Document Rotation Classification

2025-05-20

Document Rotation Classification

Sometimes a slight nudge is all it takes to get documents straight

This project started as a missing piece in our OCR pipeline at work—documents were coming in at all sorts of crazy angles! I took on the challenge of building a model to automatically detect and correct document orientation, creating a robust system that could handle 8 different rotation classes (0° to 315° in 45° increments) efficiently. Rather than go with a massive model, I focused on efficiency and landed on MobileNetV3-small as the backbone, then enhanced it with two key architectural innovations that made all the difference.

The Architecture: Small but Mighty

The foundation was MobileNetV3-small—perfect for production deployment, lightweight enough for mobile devices but powerful enough for accurate predictions. The first enhancement was CoordConv (Coordinate Convolutions), my first deep dive into this technique that adds coordinate channels to the input, essentially giving the network a "GPS system" for understanding spatial position.

Traditional convolutions are translation-invariant, which sounds good but can be problematic for rotation detection where absolute position matters—CoordConv helps distinguish between a rotated page with text in the top-left versus bottom-right.

Attention and Training Strategy

The second key addition was CBAM (Convolutional Block Attention Module), which applies attention along both spatial and channel dimensions. This dual-attention mechanism works beautifully:

  • Channel attention identifies which features are most important (text vs. background)
  • Spatial attention pinpoints where those features are most relevant

Training data came from three diverse sources to ensure broad applicability:

  • RVL-CDIP for real-world government and corporate documents
  • PubLayNet for academic papers with different layouts
  • MIDV-500 for identity documents with structured layouts

This diversity was crucial since documents in the wild vary dramatically in layout, text density, and visual characteristics. The dual-head output architecture predicts both rotation class and confidence score, with the confidence head proving invaluable for production deployment—knowing when the model is uncertain allows for human fallback.

Production Impact

In our OCR pipeline, document rotation was a silent killer—slightly rotated documents would produce garbled text extraction, requiring manual intervention. This model automated the correction step, dramatically improving downstream OCR accuracy.

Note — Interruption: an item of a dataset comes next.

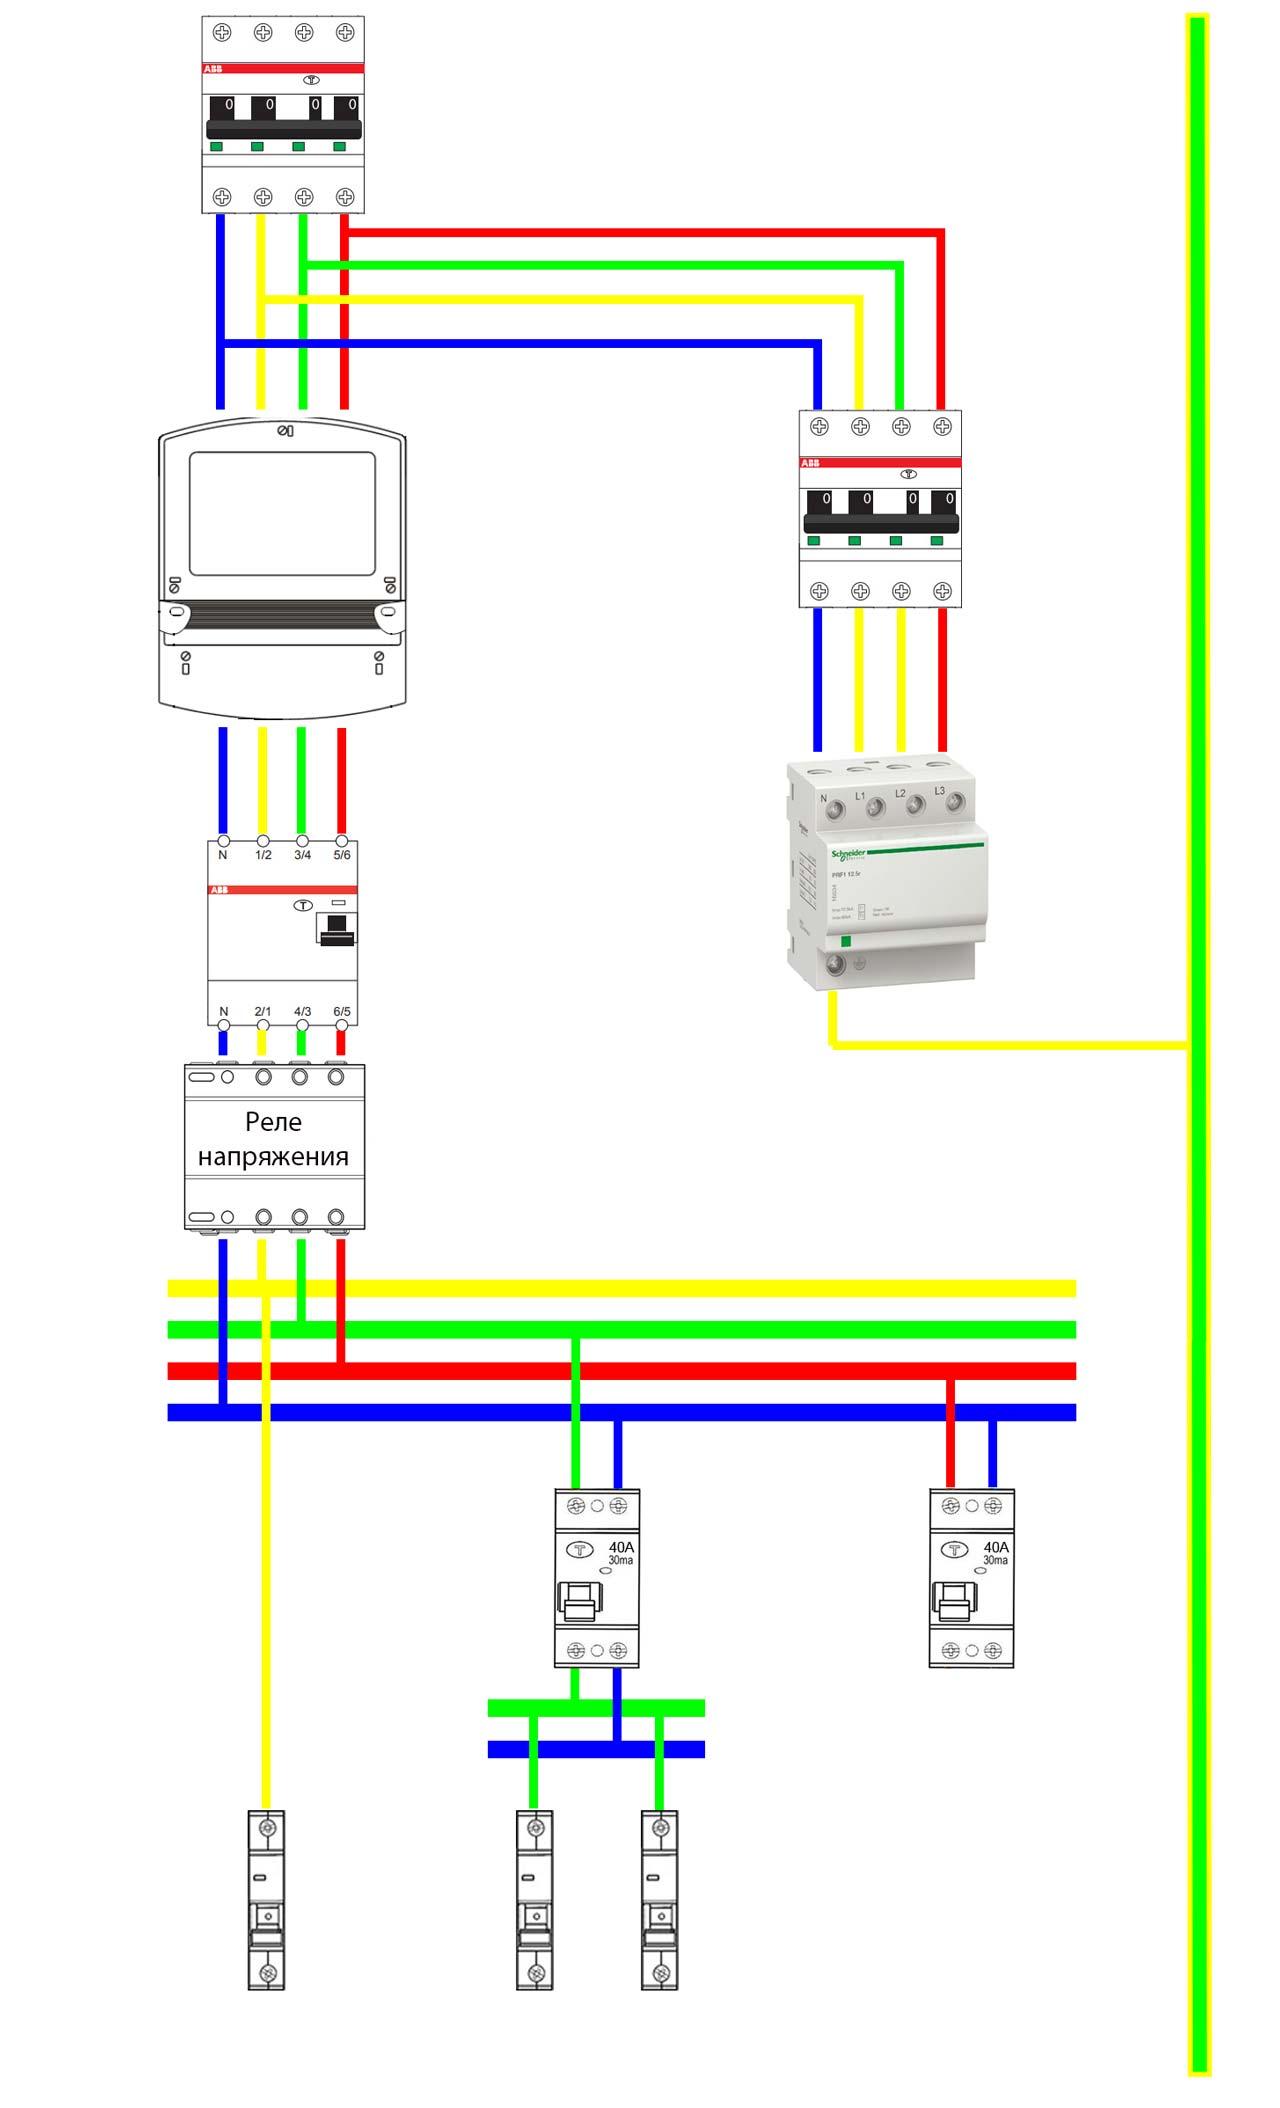 Защита от перенапряжения: реле для сетей 220 в и 380 в
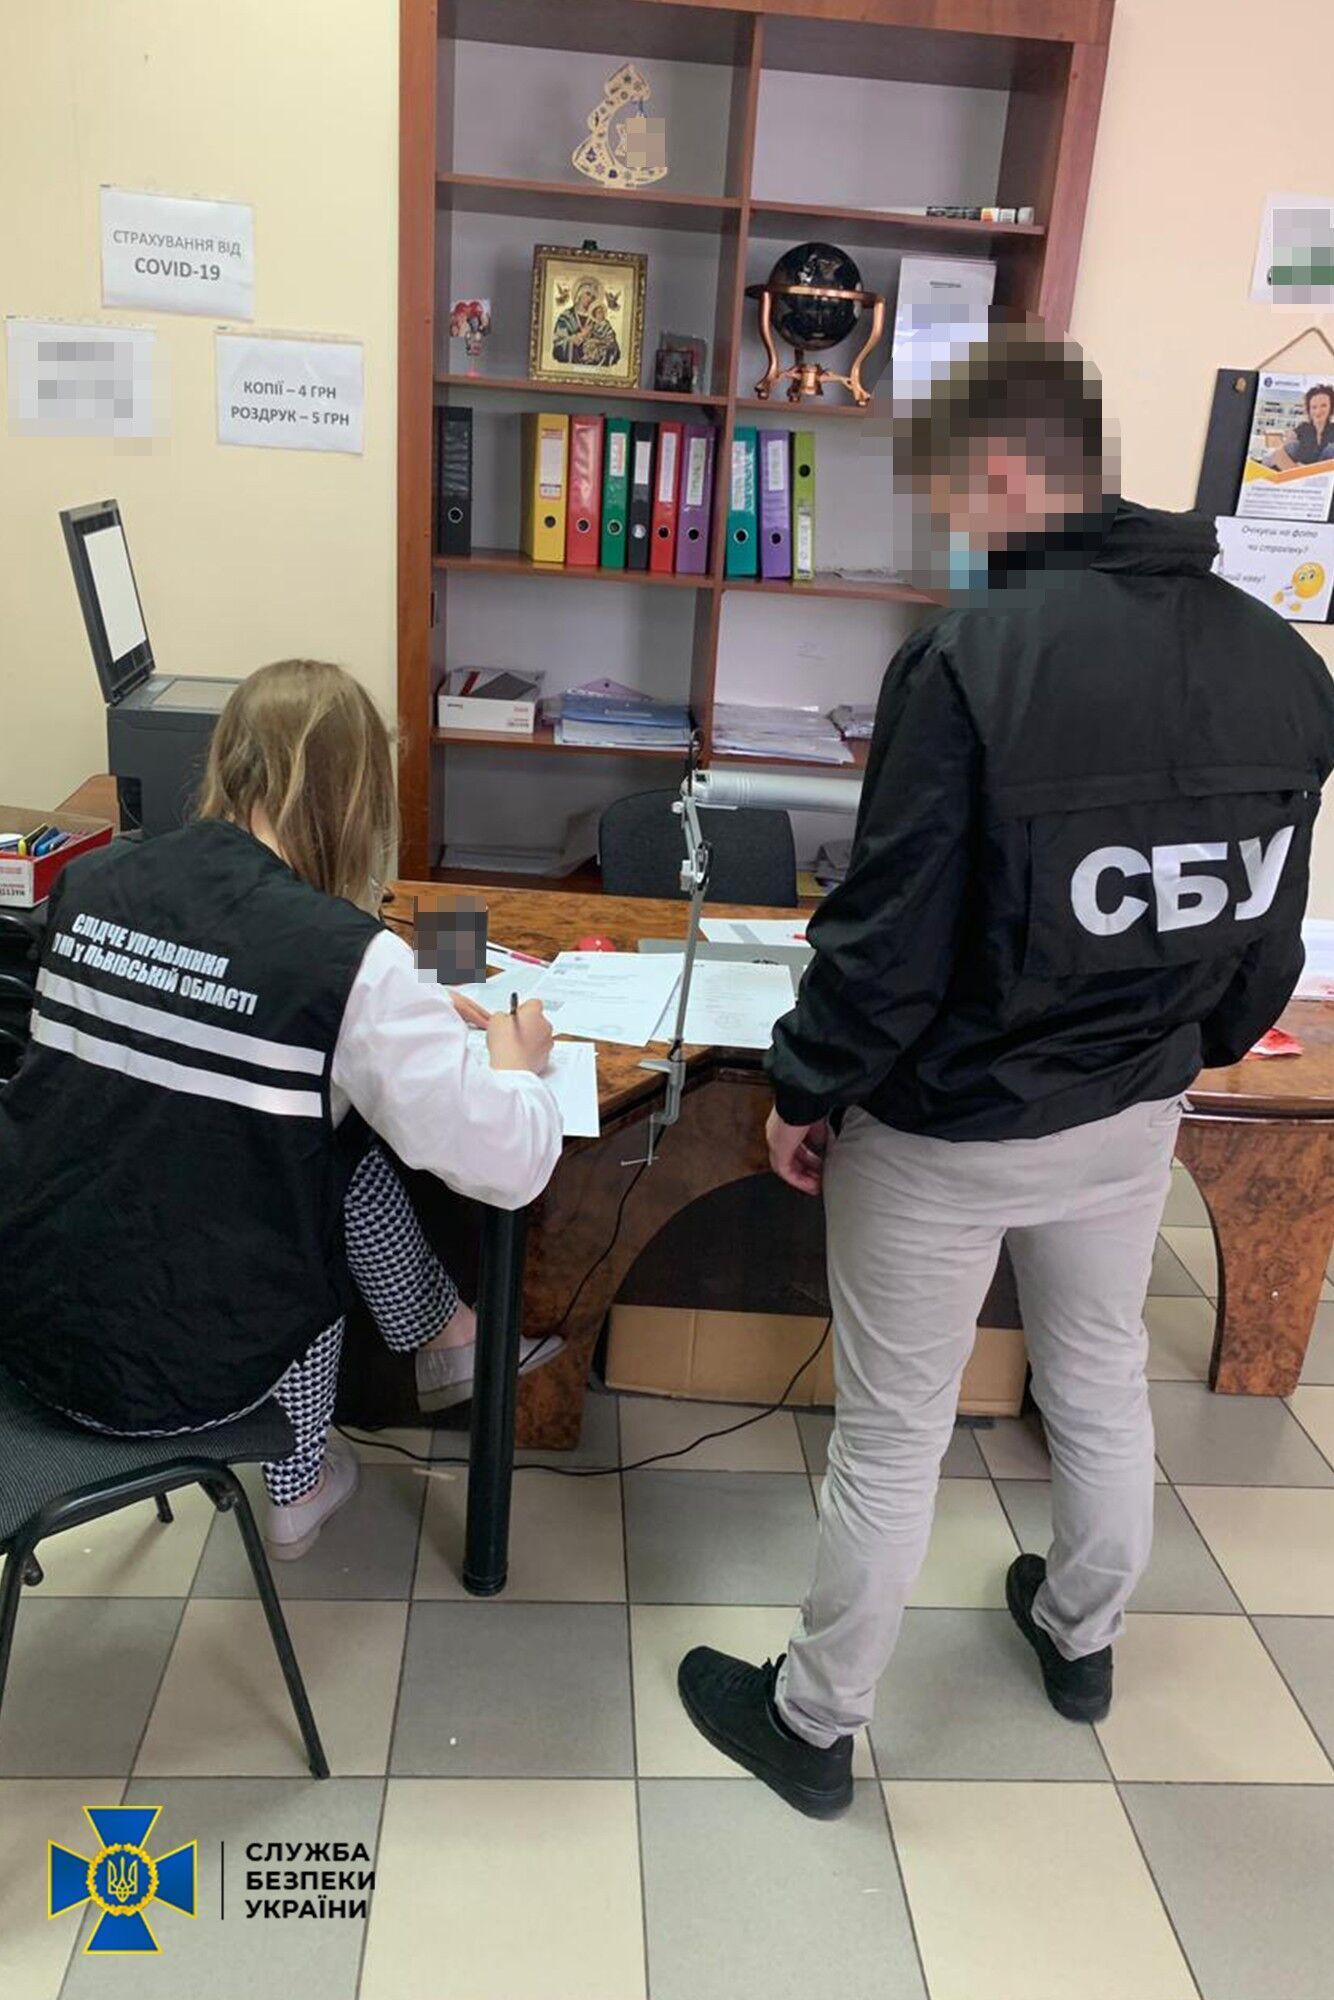 На Львівщині видавали фальшиві довідки тестів на COVID-19 – СБУ

The 8-class approach struck the right balance between precision and practical utility, and while arbitrary angle detection would be more elegant, most real-world document rotation falls into these discrete categories. The project perfectly captures what I love about applied machine learning: starting with a real-world problem, diving deep into technical solutions like CoordConv and CBAM, and ending up with something that actually makes a difference in production systems.